◆ Exercise requirements:
Make a verbatim copy of all the records.

◆ Data supplied:

-------------------------

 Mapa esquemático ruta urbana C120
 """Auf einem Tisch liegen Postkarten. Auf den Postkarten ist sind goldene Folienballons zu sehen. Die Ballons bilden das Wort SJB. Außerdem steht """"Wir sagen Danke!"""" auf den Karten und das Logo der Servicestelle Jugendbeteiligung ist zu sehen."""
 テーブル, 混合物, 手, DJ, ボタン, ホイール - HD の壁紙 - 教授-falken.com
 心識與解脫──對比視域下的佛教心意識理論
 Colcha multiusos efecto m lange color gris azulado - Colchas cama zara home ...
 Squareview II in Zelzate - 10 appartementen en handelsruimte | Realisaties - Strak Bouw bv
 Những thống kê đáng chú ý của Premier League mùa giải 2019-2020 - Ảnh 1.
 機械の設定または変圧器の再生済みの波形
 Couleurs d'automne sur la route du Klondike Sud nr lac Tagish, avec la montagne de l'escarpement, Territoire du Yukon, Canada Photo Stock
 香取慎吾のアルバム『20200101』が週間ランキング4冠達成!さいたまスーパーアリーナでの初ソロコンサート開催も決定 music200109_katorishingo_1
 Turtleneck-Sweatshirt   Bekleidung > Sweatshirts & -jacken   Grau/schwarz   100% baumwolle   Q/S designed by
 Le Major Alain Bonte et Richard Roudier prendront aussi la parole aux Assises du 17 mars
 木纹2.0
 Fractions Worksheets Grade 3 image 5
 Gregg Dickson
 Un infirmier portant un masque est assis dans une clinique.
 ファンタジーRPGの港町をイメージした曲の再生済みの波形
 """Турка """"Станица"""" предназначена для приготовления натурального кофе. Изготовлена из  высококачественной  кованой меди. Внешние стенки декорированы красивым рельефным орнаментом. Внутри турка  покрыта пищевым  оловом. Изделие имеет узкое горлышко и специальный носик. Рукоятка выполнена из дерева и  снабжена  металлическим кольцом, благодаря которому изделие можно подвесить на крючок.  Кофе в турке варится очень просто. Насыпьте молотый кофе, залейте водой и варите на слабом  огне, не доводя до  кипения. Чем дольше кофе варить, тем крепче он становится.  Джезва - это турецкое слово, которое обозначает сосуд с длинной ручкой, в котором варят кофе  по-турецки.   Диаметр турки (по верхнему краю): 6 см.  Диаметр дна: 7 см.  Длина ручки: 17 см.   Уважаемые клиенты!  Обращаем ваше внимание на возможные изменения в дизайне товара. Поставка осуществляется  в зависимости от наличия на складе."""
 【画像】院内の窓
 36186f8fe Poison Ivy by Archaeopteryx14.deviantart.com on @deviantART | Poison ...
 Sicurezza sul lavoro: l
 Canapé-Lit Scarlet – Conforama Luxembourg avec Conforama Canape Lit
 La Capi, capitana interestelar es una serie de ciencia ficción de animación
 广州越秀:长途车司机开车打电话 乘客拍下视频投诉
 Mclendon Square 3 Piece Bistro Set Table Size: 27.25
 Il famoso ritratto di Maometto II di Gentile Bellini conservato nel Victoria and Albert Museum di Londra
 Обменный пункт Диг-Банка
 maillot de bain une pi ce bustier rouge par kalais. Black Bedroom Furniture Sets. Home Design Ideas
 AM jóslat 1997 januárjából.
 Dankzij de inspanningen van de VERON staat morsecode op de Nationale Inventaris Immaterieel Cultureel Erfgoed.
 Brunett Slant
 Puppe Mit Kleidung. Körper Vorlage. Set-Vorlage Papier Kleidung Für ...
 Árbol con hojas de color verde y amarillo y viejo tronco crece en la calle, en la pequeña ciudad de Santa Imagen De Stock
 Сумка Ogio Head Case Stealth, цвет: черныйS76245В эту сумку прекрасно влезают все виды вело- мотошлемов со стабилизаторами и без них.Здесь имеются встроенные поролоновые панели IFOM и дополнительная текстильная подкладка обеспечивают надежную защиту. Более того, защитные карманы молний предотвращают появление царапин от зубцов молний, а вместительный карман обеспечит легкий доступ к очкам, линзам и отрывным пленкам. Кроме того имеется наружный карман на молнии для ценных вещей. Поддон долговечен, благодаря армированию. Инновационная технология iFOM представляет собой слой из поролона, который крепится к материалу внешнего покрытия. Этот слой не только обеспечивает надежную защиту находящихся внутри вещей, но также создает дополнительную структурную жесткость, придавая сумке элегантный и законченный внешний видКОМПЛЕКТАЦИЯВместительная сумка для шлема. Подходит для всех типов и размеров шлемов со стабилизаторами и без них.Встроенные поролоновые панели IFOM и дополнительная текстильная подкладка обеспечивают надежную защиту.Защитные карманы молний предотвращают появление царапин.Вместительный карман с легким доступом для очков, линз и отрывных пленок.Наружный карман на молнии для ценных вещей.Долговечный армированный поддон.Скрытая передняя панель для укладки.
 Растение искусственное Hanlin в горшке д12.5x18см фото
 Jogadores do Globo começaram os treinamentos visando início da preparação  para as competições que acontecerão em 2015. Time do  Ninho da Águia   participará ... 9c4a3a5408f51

-------------------------

◆ Answer space:
 Mapa esquemático ruta urbana C120
 """Auf einem Tisch liegen Postkarten. Auf den Postkarten ist sind goldene Folienballons zu sehen. Die Ballons bilden das Wort SJB. Außerdem steht """"Wir sagen Danke!"""" auf den Karten und das Logo der Servicestelle Jugendbeteiligung ist zu sehen."""
 テーブル, 混合物, 手, DJ, ボタン, ホイール - HD の壁紙 - 教授-falken.com
 心識與解脫──對比視域下的佛教心意識理論
 Colcha multiusos efecto m lange color gris azulado - Colchas cama zara home ...
 Squareview II in Zelzate - 10 appartementen en handelsruimte | Realisaties - Strak Bouw bv
 Những thống kê đáng chú ý của Premier League mùa giải 2019-2020 - Ảnh 1.
 機械の設定または変圧器の再生済みの波形
 Couleurs d'automne sur la route du Klondike Sud nr lac Tagish, avec la montagne de l'escarpement, Territoire du Yukon, Canada Photo Stock
 香取慎吾のアルバム『20200101』が週間ランキング4冠達成!さいたまスーパーアリーナでの初ソロコンサート開催も決定 music200109_katorishingo_1
 Turtleneck-Sweatshirt   Bekleidung > Sweatshirts & -jacken   Grau/schwarz   100% baumwolle   Q/S designed by
 Le Major Alain Bonte et Richard Roudier prendront aussi la parole aux Assises du 17 mars
 木纹2.0
 Fractions Worksheets Grade 3 image 5
 Gregg Dickson
 Un infirmier portant un masque est assis dans une clinique.
 ファンタジーRPGの港町をイメージした曲の再生済みの波形
 """Турка """"Станица"""" предназначена для приготовления натурального кофе. Изготовлена из  высококачественной  кованой меди. Внешние стенки декорированы красивым рельефным орнаментом. Внутри турка  покрыта пищевым  оловом. Изделие имеет узкое горлышко и специальный носик. Рукоятка выполнена из дерева и  снабжена  металлическим кольцом, благодаря которому изделие можно подвесить на крючок.  Кофе в турке варится очень просто. Насыпьте молотый кофе, залейте водой и варите на слабом  огне, не доводя до  кипения. Чем дольше кофе варить, тем крепче он становится.  Джезва - это турецкое слово, которое обозначает сосуд с длинной ручкой, в котором варят кофе  по-турецки.   Диаметр турки (по верхнему краю): 6 см.  Диаметр дна: 7 см.  Длина ручки: 17 см.   Уважаемые клиенты!  Обращаем ваше внимание на возможные изменения в дизайне товара. Поставка осуществляется  в зависимости от наличия на складе."""
 【画像】院内の窓
 36186f8fe Poison Ivy by Archaeopteryx14.deviantart.com on @deviantART | Poison ...
 Sicurezza sul lavoro: l
 Canapé-Lit Scarlet – Conforama Luxembourg avec Conforama Canape Lit
 La Capi, capitana interestelar es una serie de ciencia ficción de animación
 广州越秀:长途车司机开车打电话 乘客拍下视频投诉
 Mclendon Square 3 Piece Bistro Set Table Size: 27.25
 Il famoso ritratto di Maometto II di Gentile Bellini conservato nel Victoria and Albert Museum di Londra
 Обменный пункт Диг-Банка
 maillot de bain une pi ce bustier rouge par kalais. Black Bedroom Furniture Sets. Home Design Ideas
 AM jóslat 1997 januárjából.
 Dankzij de inspanningen van de VERON staat morsecode op de Nationale Inventaris Immaterieel Cultureel Erfgoed.
 Brunett Slant
 Puppe Mit Kleidung. Körper Vorlage. Set-Vorlage Papier Kleidung Für ...
 Árbol con hojas de color verde y amarillo y viejo tronco crece en la calle, en la pequeña ciudad de Santa Imagen De Stock
 Сумка Ogio Head Case Stealth, цвет: черныйS76245В эту сумку прекрасно влезают все виды вело- мотошлемов со стабилизаторами и без них.Здесь имеются встроенные поролоновые панели IFOM и дополнительная текстильная подкладка обеспечивают надежную защиту. Более того, защитные карманы молний предотвращают появление царапин от зубцов молний, а вместительный карман обеспечит легкий доступ к очкам, линзам и отрывным пленкам. Кроме того имеется наружный карман на молнии для ценных вещей. Поддон долговечен, благодаря армированию. Инновационная технология iFOM представляет собой слой из поролона, который крепится к материалу внешнего покрытия. Этот слой не только обеспечивает надежную защиту находящихся внутри вещей, но также создает дополнительную структурную жесткость, придавая сумке элегантный и законченный внешний видКОМПЛЕКТАЦИЯВместительная сумка для шлема. Подходит для всех типов и размеров шлемов со стабилизаторами и без них.Встроенные поролоновые панели IFOM и дополнительная текстильная подкладка обеспечивают надежную защиту.Защитные карманы молний предотвращают появление царапин.Вместительный карман с легким доступом для очков, линз и отрывных пленок.Наружный карман на молнии для ценных вещей.Долговечный армированный поддон.Скрытая передняя панель для укладки.
 Растение искусственное Hanlin в горшке д12.5x18см фото
 Jogadores do Globo começaram os treinamentos visando início da preparação  para as competições que acontecerão em 2015. Time do  Ninho da Águia   participará ... 9c4a3a5408f51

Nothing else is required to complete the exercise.